Data block:
------------------------------------------------------------

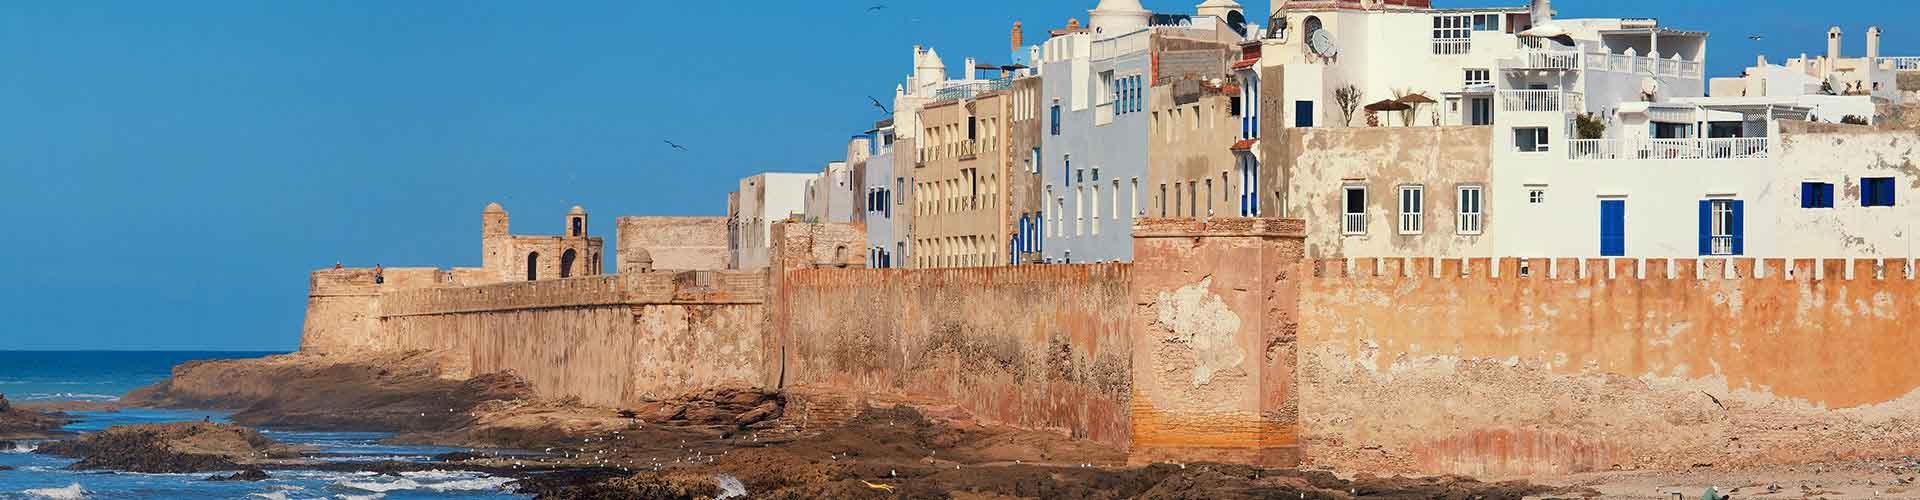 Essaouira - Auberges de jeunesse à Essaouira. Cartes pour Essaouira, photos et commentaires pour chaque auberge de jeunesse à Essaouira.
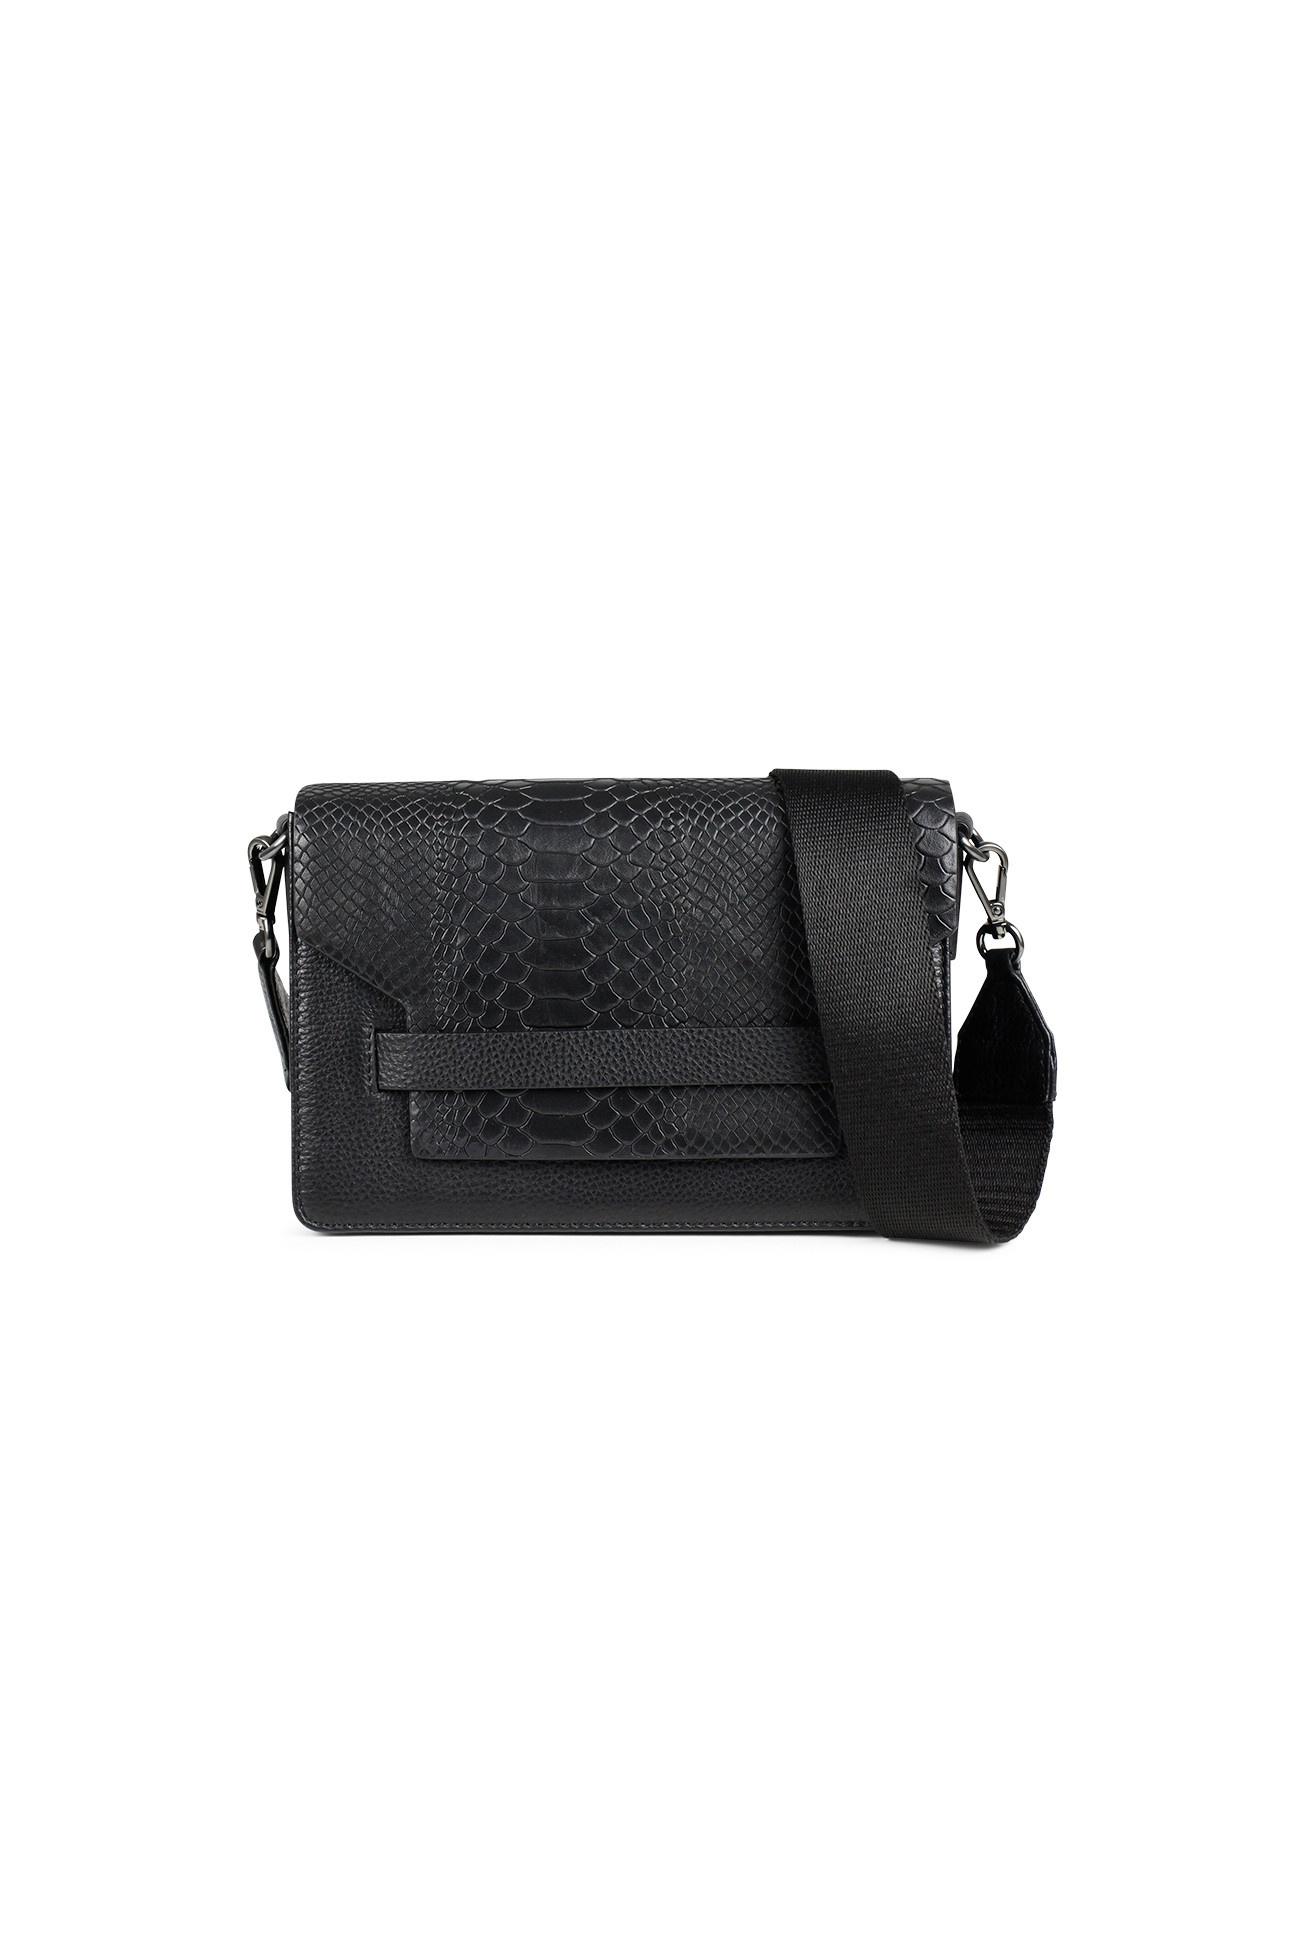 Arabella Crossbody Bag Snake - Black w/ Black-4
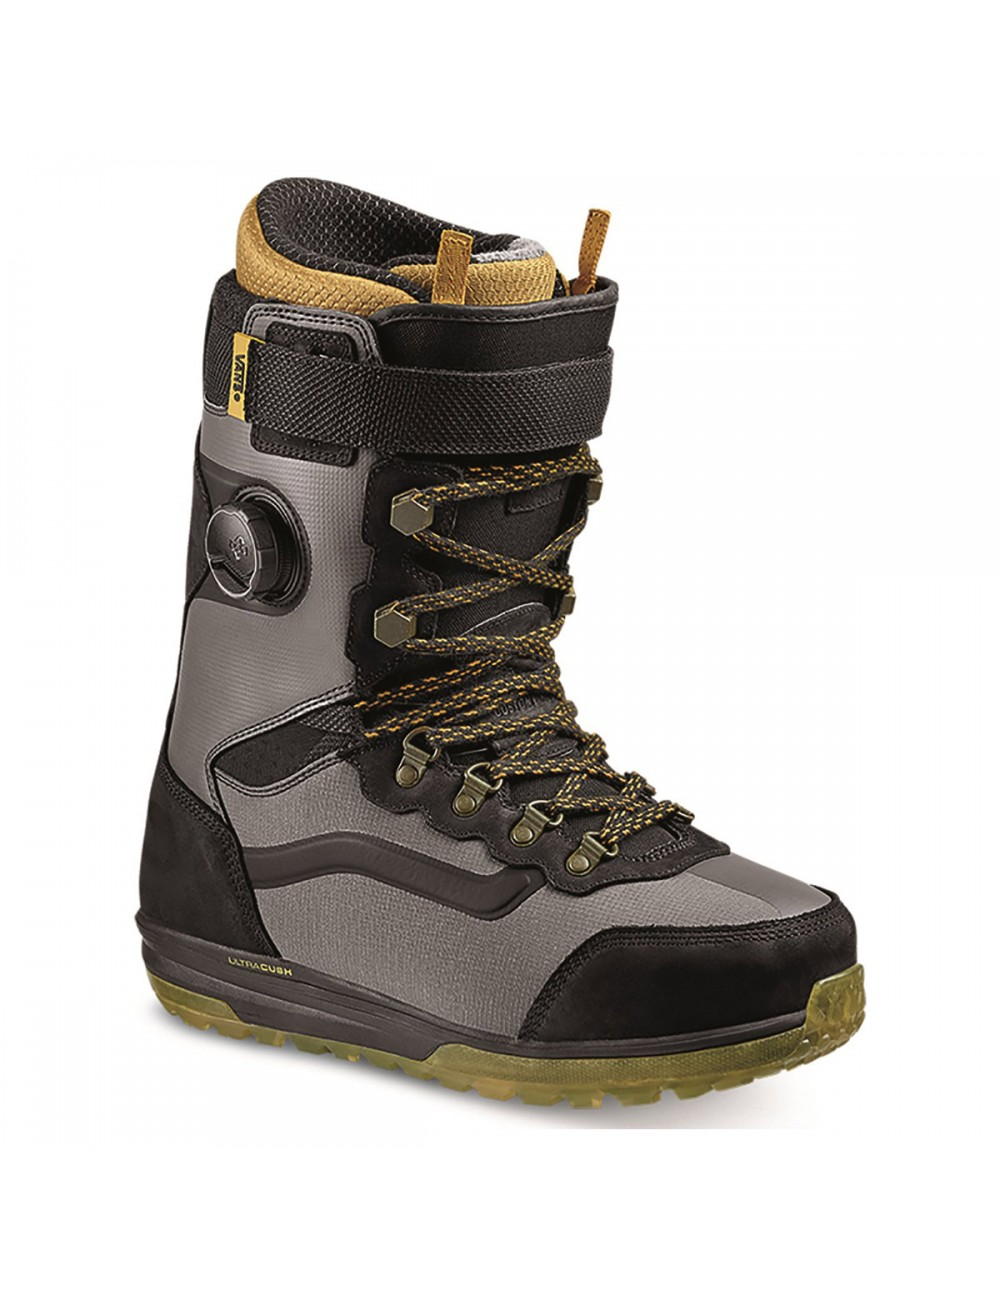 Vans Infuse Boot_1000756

------------------------------------------------------------

What needs to be done: Only the lines from the one holding "Arabella Crossbody Bag" through the end of the data are to be printed, exactly as they stand and with no pictures.

Result of this exercise:
 Arabella Crossbody Bag Snake - Black w/ Black-4
 Vans Infuse Boot_1000756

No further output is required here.